# yt624 battery dead



## chaulky45 (Jan 23, 2014)

Colby, ever have an ignition problem, went out today my battery was dead on the yam 624, now when I 1st got it 3 weeks ago I noticed that the led light was faintly coming on and off some times with key off, so I used to just unplug the ignition switch when done with the blower, last night I left it plugged in and today battery was dead, took 5 mins for it to recharge, as of now dont see and flicking of the led light, I took the ignition switch right off this morning and theres no cover or anything over the back of it,all open on back ,wires and solder points look dirty and corroded already, cleaned it up with a tooth brush put it back on and see what happens, I put some tape on the back to cover it up ,not sure why they would leave a switch exposed to the open for water and dirt to get in with out sealing it ,not sure if thats the problem, I went through all the wires to see if any wires were broken or loose right on down to the battery cant find anything,


----------



## Coby7 (Nov 6, 2014)

Was it a new machine you bought? Mine is also open in the back but I have no corrosion. Snow alone will not make it corrode but maybe EOD mixture might. Did you check your work where you tapped in when you installed your lights. Are you sure you are not exceeding the stator current specs? You should get a battery minder.


----------



## chaulky45 (Jan 23, 2014)

Coby7 said:


> Was it a new machine you bought? Mine is also open in the back but I have no corrosion. Snow alone will not make it corrode but maybe EOD mixture might. Did you check your work where you tapped in when you installed your lights. Are you sure you are not exceeding the stator current specs? You should get a battery minder.

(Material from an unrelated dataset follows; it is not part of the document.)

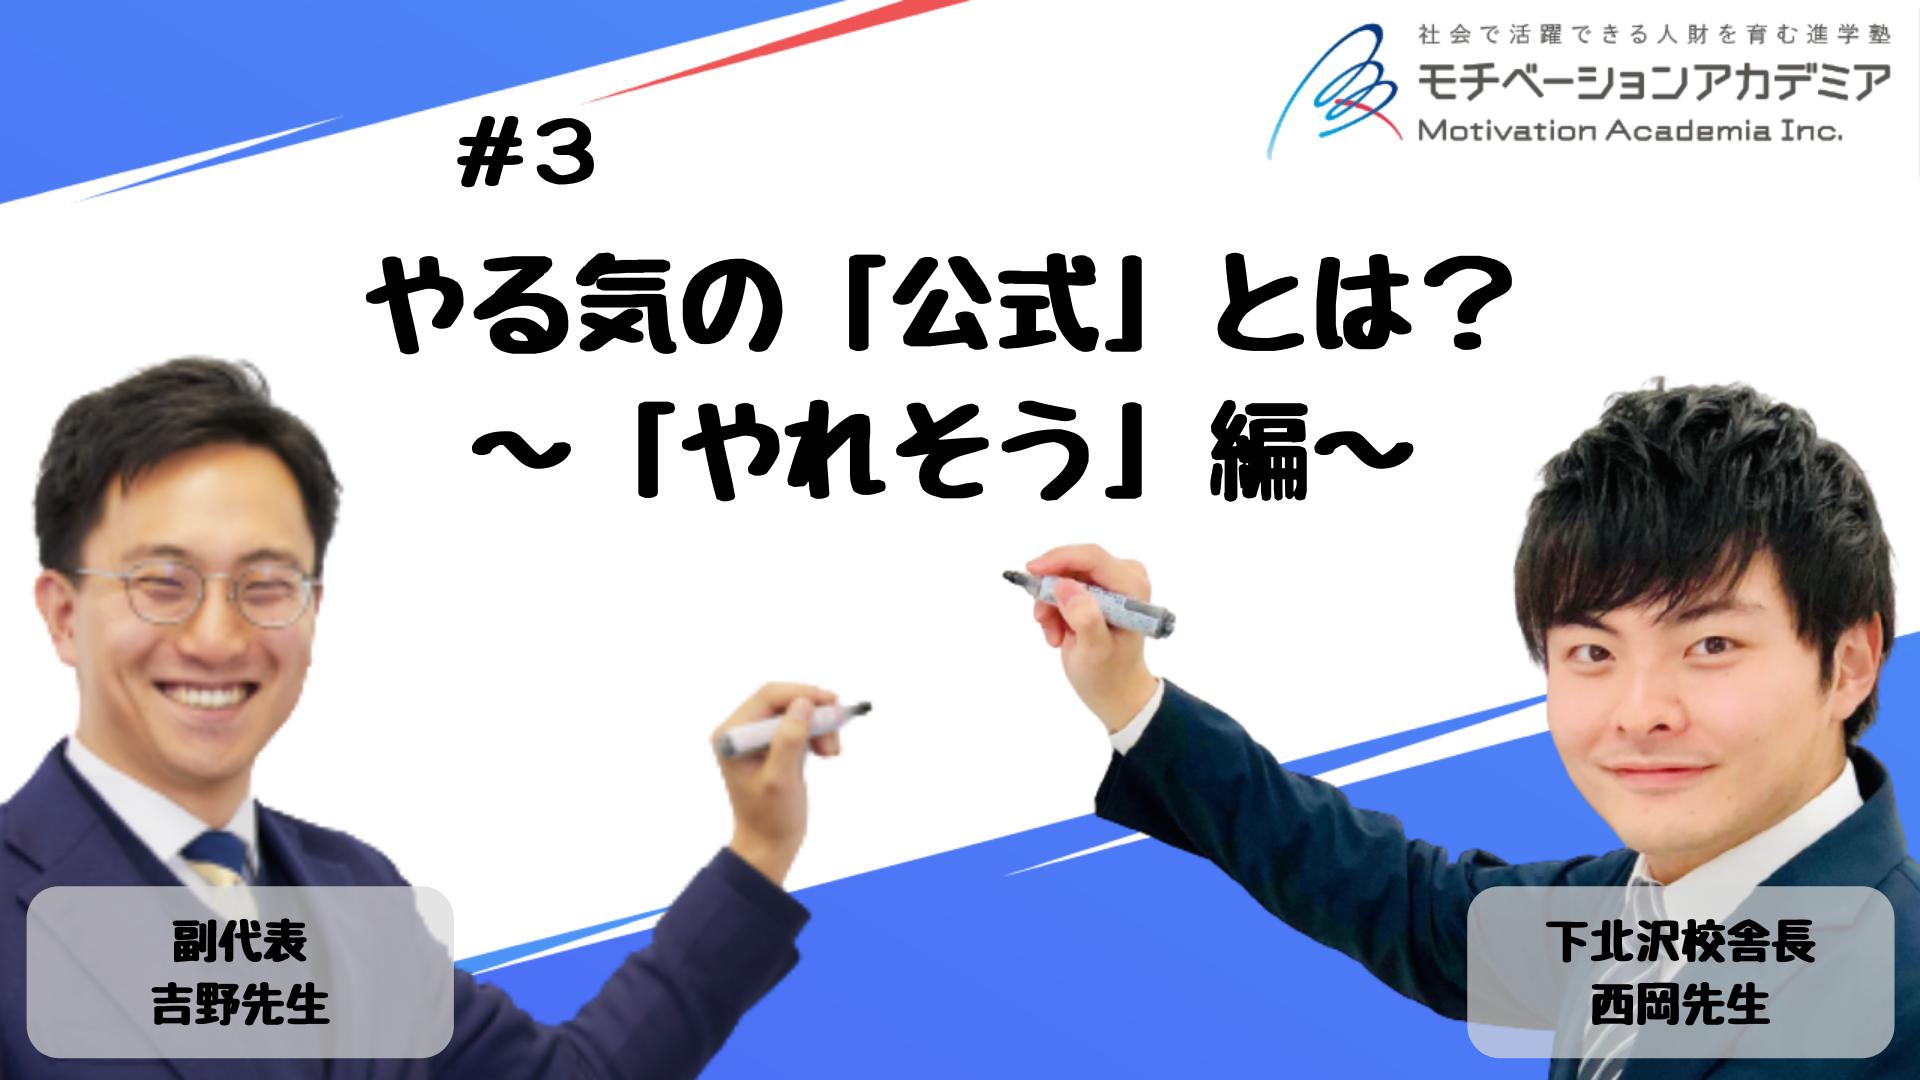 【動画】#3 やる気の「公式」とは?~「やれそう」編~

It was like it when I got it the same day, shes brand new, before any other lights were put on, I have been out ever hour since this morning checking and starting it up, seems fine for now but I'll find out after its left overnight, what do you mean EOD mixture


----------



## Coby7 (Nov 6, 2014)

EOD _*End Of Driveway*_ snow mixed with road salt.


----------



## chaulky45 (Jan 23, 2014)

Coby7 said:


> EOD _*End Of Driveway*_ snow mixed with road salt.

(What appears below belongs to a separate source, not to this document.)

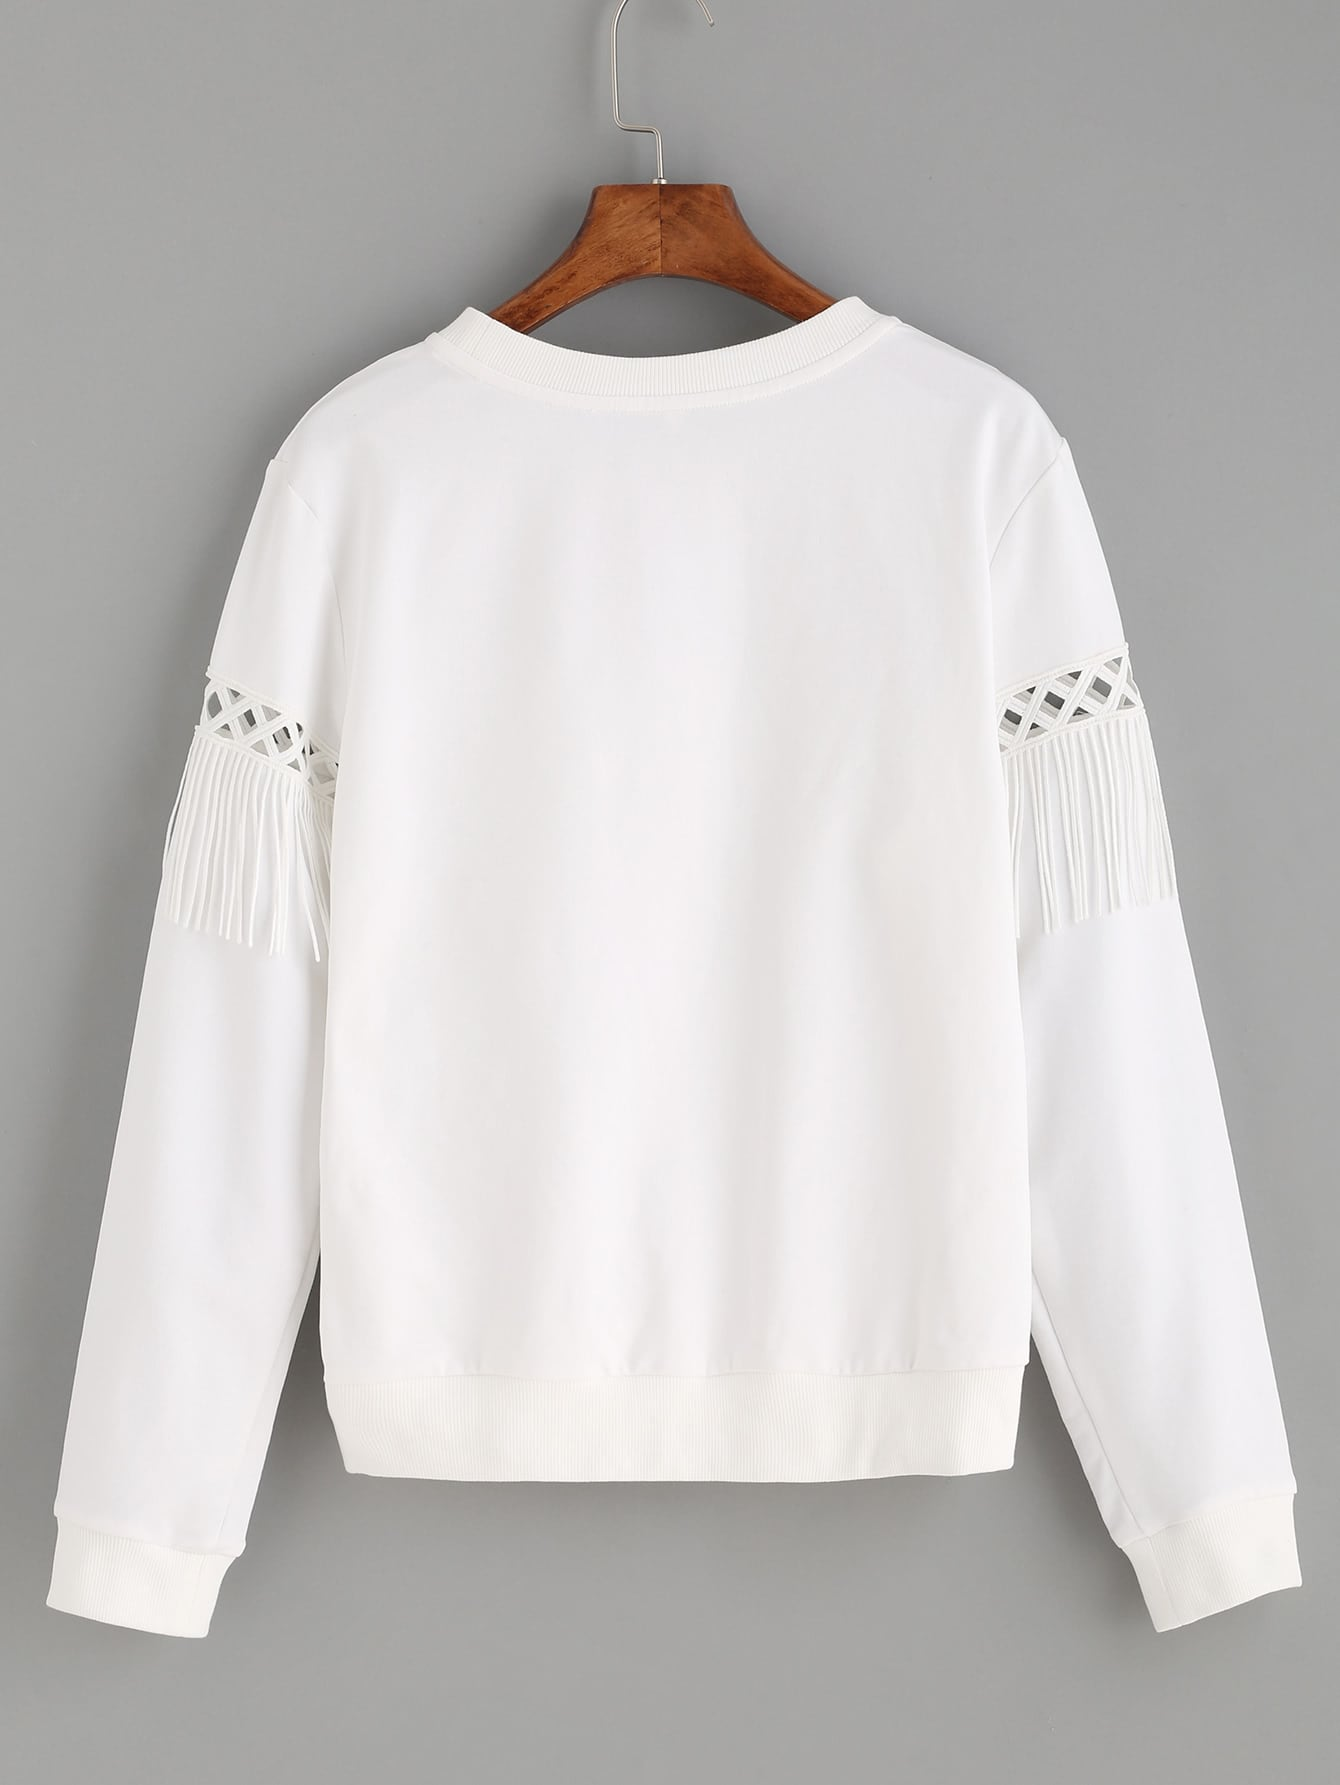 sweatshirt160808522_2

oh lol, ok, For now, today the blower started fine, no dead battery so I'm thinking it had all to do with the ignition switch being open with no cover on the back open to all the water, salt ect and a bit of corrosion keep the power on just a little with key being turned off, the lights are not faintly flickering anymore, switch is cleaned up and taped on the back, see how it goes


----------